Authors: Brian Stableford
Milyukov didn’t seem to be at all disturbed by the full-frontal assault. “It is in everyone’s best interests that the colony succeed,” he said, mildly. “If it were to fail, that would be a catastrophe from everyone’s point of view. There is a faction on the surface that claims that it is impossible for humans to remain on the surface without precipitating an ecocatastrophe more devastating than the one that was threatening Earth when you and your companions decided to leave it behind—and that the possibility that the planet is inhabited by intelligent humanoids makes that doubly unacceptable. It is my belief that Bernal Delgado was killed because he believed that he had discovered something vital to the settlement of this debate. I believe the crude pretense that he was killed by an alien was intended to favor the cause of those who want to abandon the colony—a cause that he did not support.”
“Are you certain of that?” Solari asked.
“I have no reason to think otherwise,” Milyukov said, blithely ignoring the fact that it was not at all the same thing. “Delgado certainly intended to travel downriver, but he never gave any vocal support to those of his colleagues who looked on the expedition as a straightforward attempt to prove the continued existence of the humanoids. If they do exist, of course, I want to find them as badly as anyone—but I want the matter settled. I need you to put a stop to this ridiculous pretence that Delgado might have been killed by an alien, inspector.”
“And why, exactly,” Matthew put in, “do you need me?”

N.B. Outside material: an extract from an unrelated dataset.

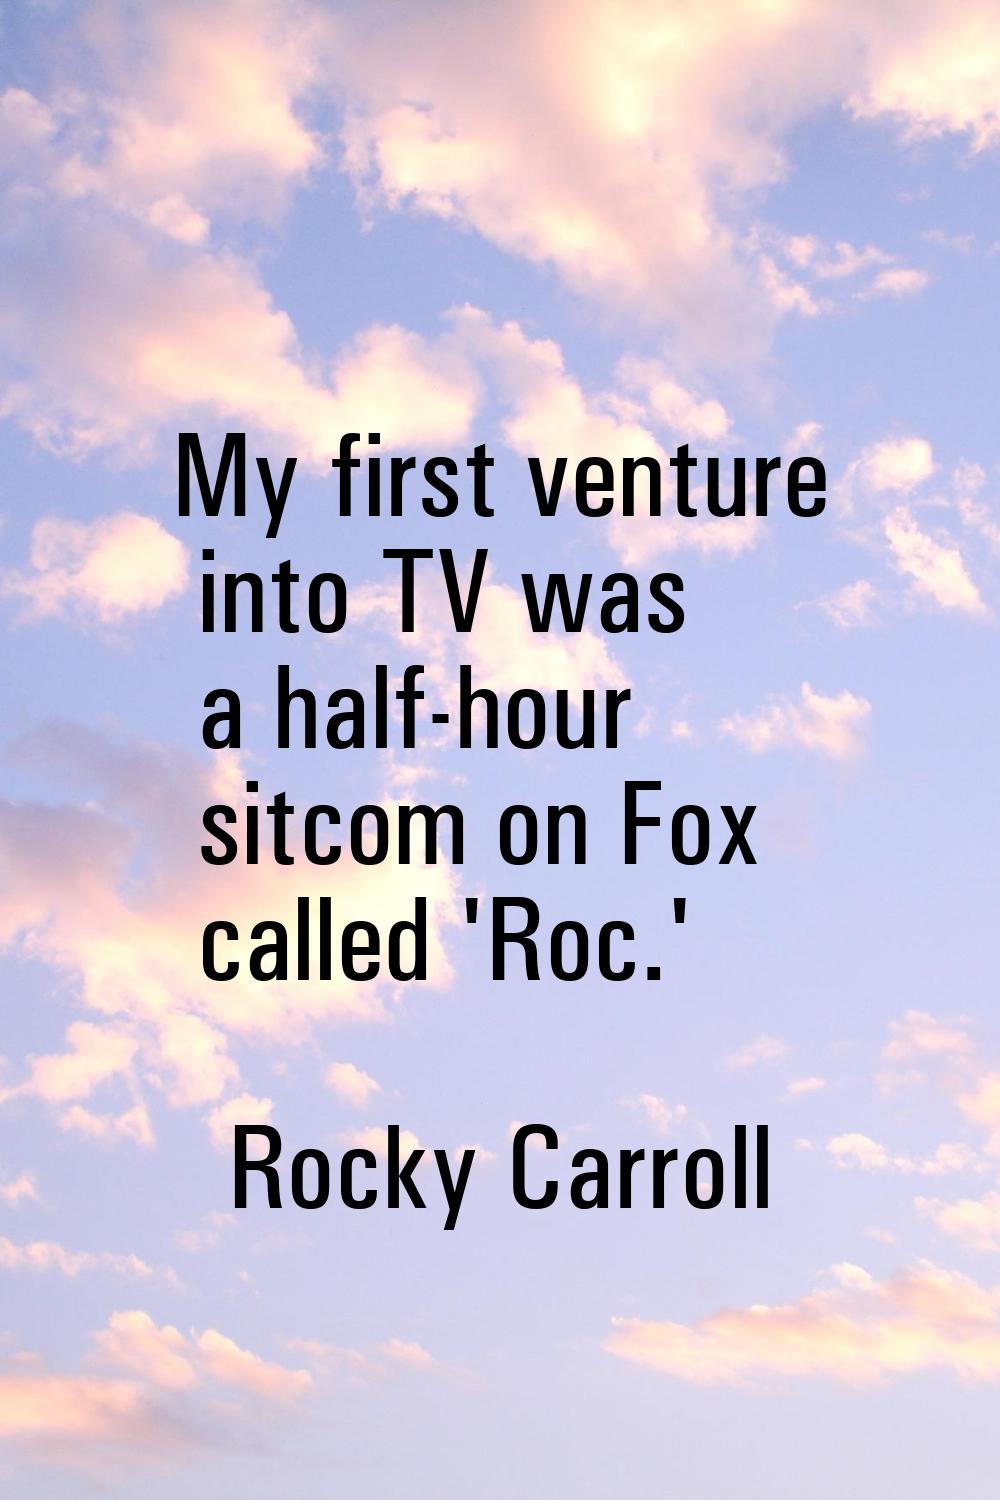 My first venture into TV was a half-hour sitcom on Fox called 'Roc.'

Milyukov’s eyes were not quite as green as Leitz’s or Riddell’s, but their relative dullness did not make their gaze seem less penetrative.
“For exactly the same reason, professor,” the captain said. “To discover the truth—if you can. I’ve studied your background, just as I’ve studied the inspector’s, but I don’t hold your reputation against you. I’ve seen tapes of your TV performances, but I know that you began your career as an entirely reputable scientist.”
Matthew had been damned with faint praise before, but this seemed a trifle unwarranted. He had always been an entirely reputable scientist, and his TV presence had never compromised his scientific integrity.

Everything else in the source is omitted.